In [13]: %timeit select_items_original(test_dict, test_n)
1000 loops, best of 3: 293 us per loop


In [14]: %timeit select_items_faster(test_dict, test_n)
1000 loops, best of 3: 203 us per loop

Replacing the itertools.islice with a [:n] doesn't really help things:

def select_items_faster_slice(temp_dict, n):
    """Select n items from the dictionary"""
    items = temp_dict.items()
    items.sort()

    return list(itertools.chain.from_iterable(val for (_, val) in items[:n]))

In [16]: %timeit select_items_faster_slice(test_dict, test_n)
1000 loops, best of 3: 210 us per loop

And neither does sorted:

In [18]: %timeit select_items_faster_sorted(test_dict, test_n)
1000 loops, best of 3: 213 us per loop


In [19]: print _17
def select_items_faster_sorted(temp_dict, n):
    """Select n items from the dictionary"""
    return list(itertools.chain.from_iterable(val for (_, val) in itertools.islice(sorted(temp_dict.items()), n)))

But a combination of map and __getitem__ is much faster:

In [22]: %timeit select_items_faster_map_getitem(test_dict, test_n)
10000 loops, best of 3: 90.7 us per loop

In [23]: print _20
def select_items_faster_map_getitem(temp_dict, n):
    """Select n items from the dictionary"""
    keys = temp_dict.keys()
    keys.sort()
    return list(itertools.chain.from_iterable(map(temp_dict.__getitem__, keys[:n])))

Replacing the list(itertools.chain.from_iterable) with some magic speeds things up quite a bit:

In [28]: %timeit select_items_faster_map_getitem_list_extend(test_dict, test_n)
10000 loops, best of 3: 74.9 us per loop

In 29: print _27
def select_items_faster_map_getitem_list_extend(temp_dict, n):
    """Select n items from the dictionary"""
    keys = temp_dict.keys()
    keys.sort()
    result = []
    filter(result.extend, map(temp_dict.__getitem__, keys[:n]))
    return result

And replacing the map and slice with itertools functions squeeze out a tiny bit more speed:

In [31]: %timeit select_items_faster_map_getitem_list_extend_iterables(test_dict, test_n)
10000 loops, best of 3: 72.8 us per loop

In [32]: print _30
def select_items_faster_map_getitem_list_extend_iterables(temp_dict, n):
    """Select n items from the dictionary"""
    keys = temp_dict.keys()
    keys.sort()
    result = []
    filter(result.extend, itertools.imap(temp_dict.__getitem__, itertools.islice(keys, n)))
    return result

And that is about as fast as I think it can get, because in CPython Python function calls are rather slow, and this minimizes the number of Python function calls that are made in the inner loop.

Note:

• Since the OP didn't provide any hint at what the input data look like, so I had to guess. I could be way off, and this could drastically change the meaning of "fast".
• Every one of my implementations returns n - 1 items, not n.

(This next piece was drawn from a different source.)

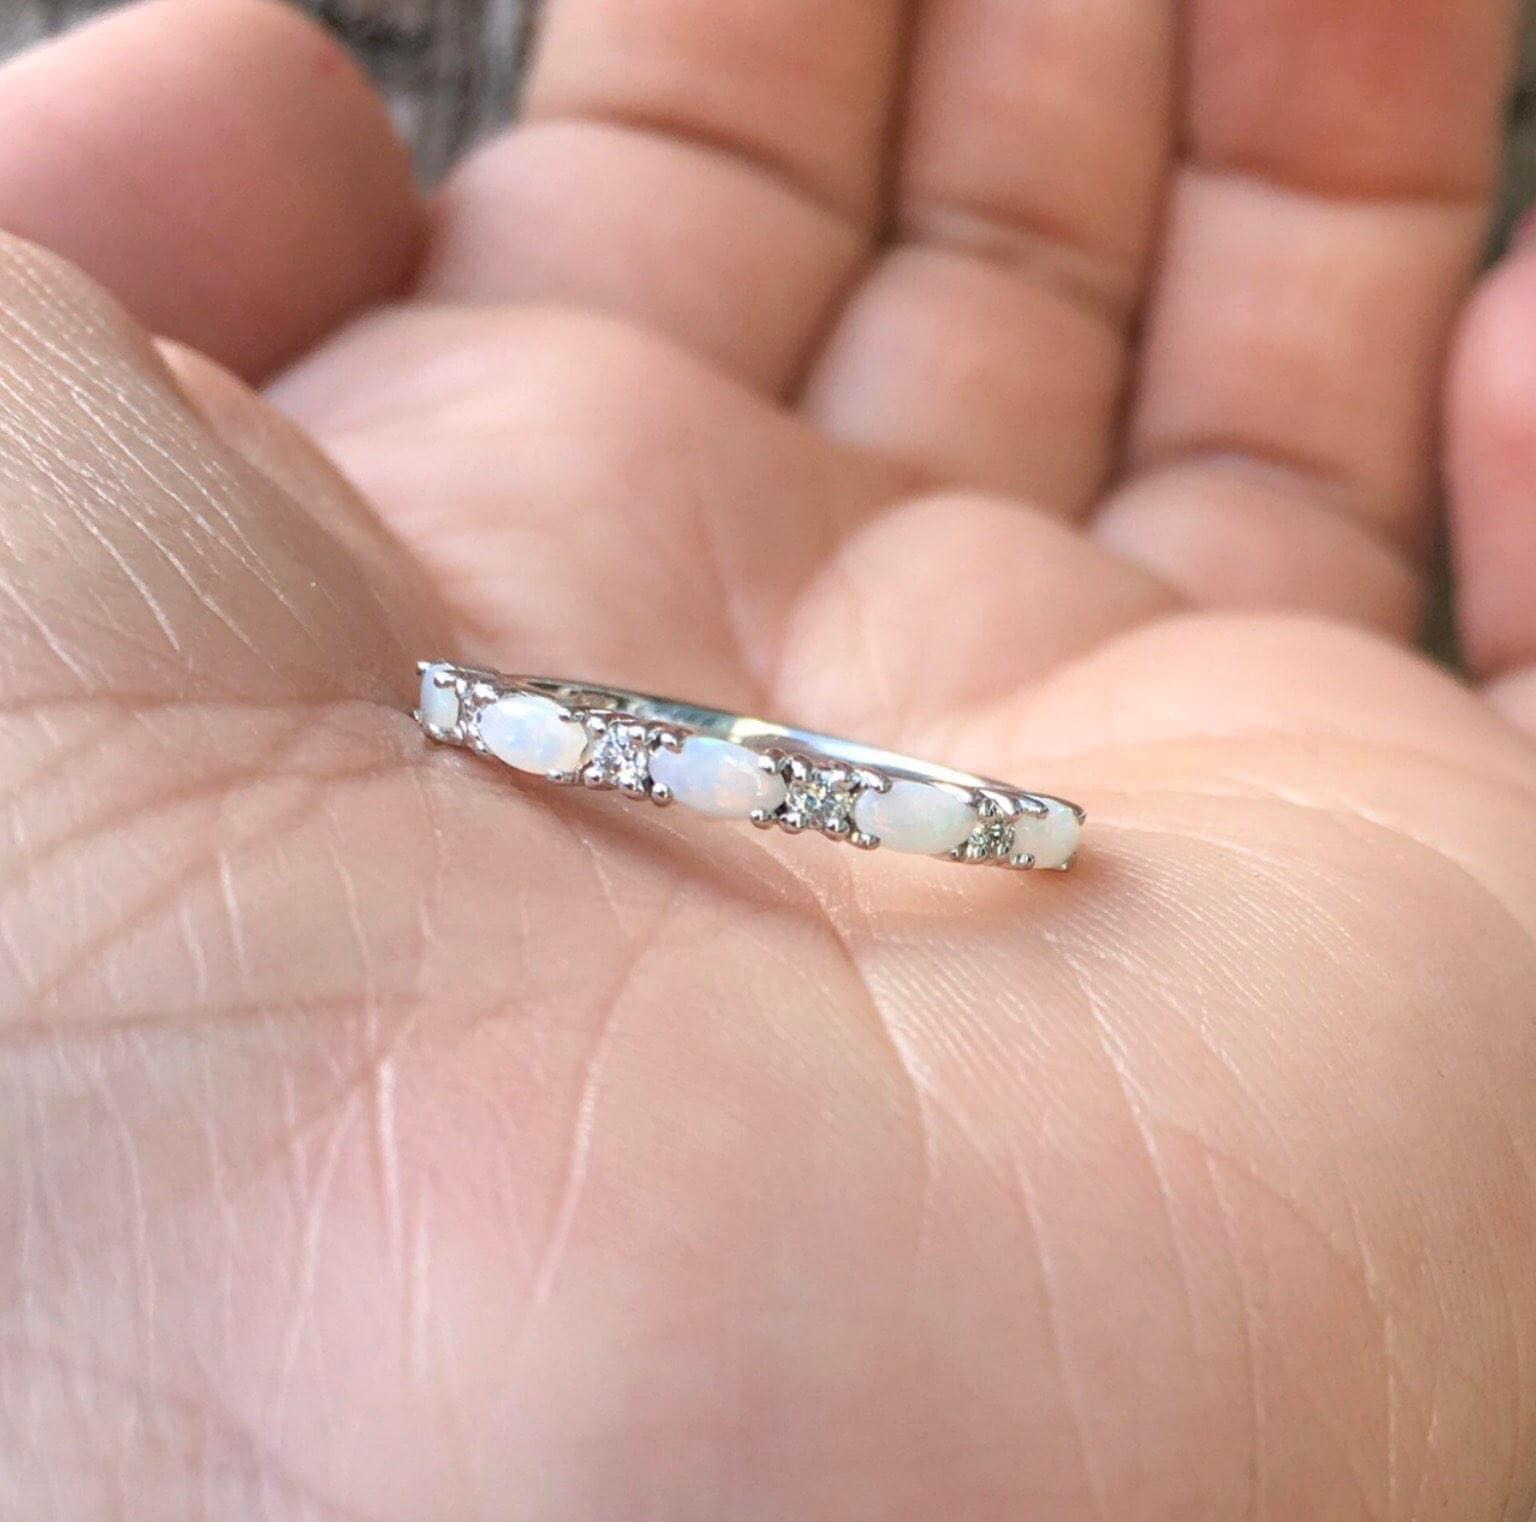 Opal Ring Simple Diamond Opal Wedding Band Matching Opal Ring   Etsy
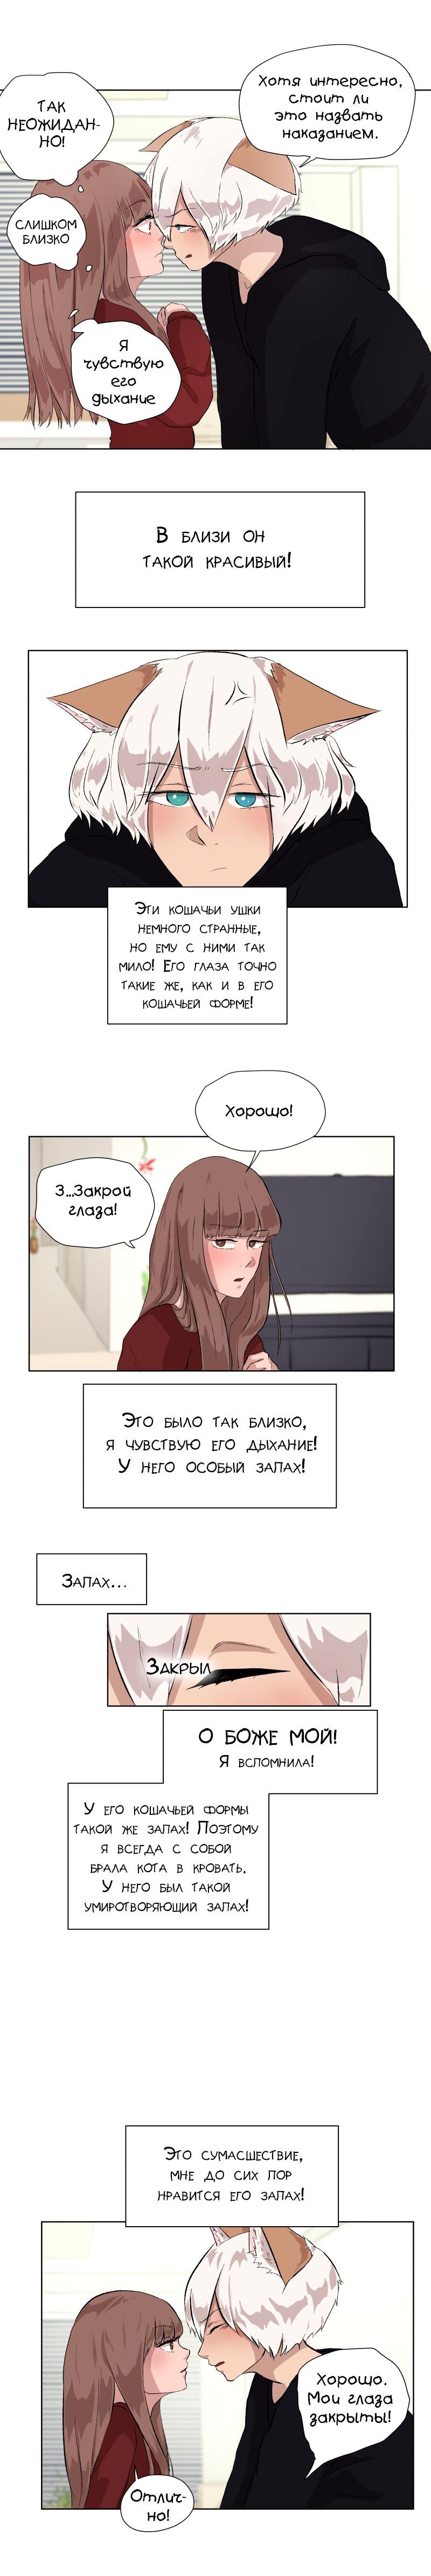 https://r1.ninemanga.com/comics/pic2/58/31802/319481/1488298011498.jpg Page 3

Edit: Using the same method to profile J.F. Sebastian's code:

In [2]: %timeit select_items_heapq(test_dict, test_n)
1000 loops, best of 3: 572 us per loop

In [3]: print _1
from itertools import *
import heapq

def select_items_heapq(temp_dict, n):
    return list(islice(chain.from_iterable(imap(temp_dict.get, heapq.nsmallest(n, temp_dict))),n))

And TokenMacGuy's code:

In [5]: %timeit select_items_tokenmacguy_first(test_dict, test_n)
1000 loops, best of 3: 201 us per loop

In [6]: %timeit select_items_tokenmacguy_second(test_dict, test_n)
1000 loops, best of 3: 730 us per loop

In [7]: print _4
def select_items_tokenmacguy_first(m, n):
    k, v, r = m.keys(), m.values(), range(len(m))
    r.sort(key=k.__getitem__)
    return [v[i] for i in r[:n]]

import heapq
def select_items_tokenmacguy_second(m, n):
    k, v, r = m.keys(), m.values(), range(len(m))
    smallest = heapq.nsmallest(n, r, k.__getitem__)
    for i, ind in enumerate(smallest):
        smallest[i] = v[ind]
    return smallest

Answer 2

from itertools import *
import heapq
islice(chain.from_iterable(imap(temp_dict.get, heapq.nsmallest(n, temp_dict))),n)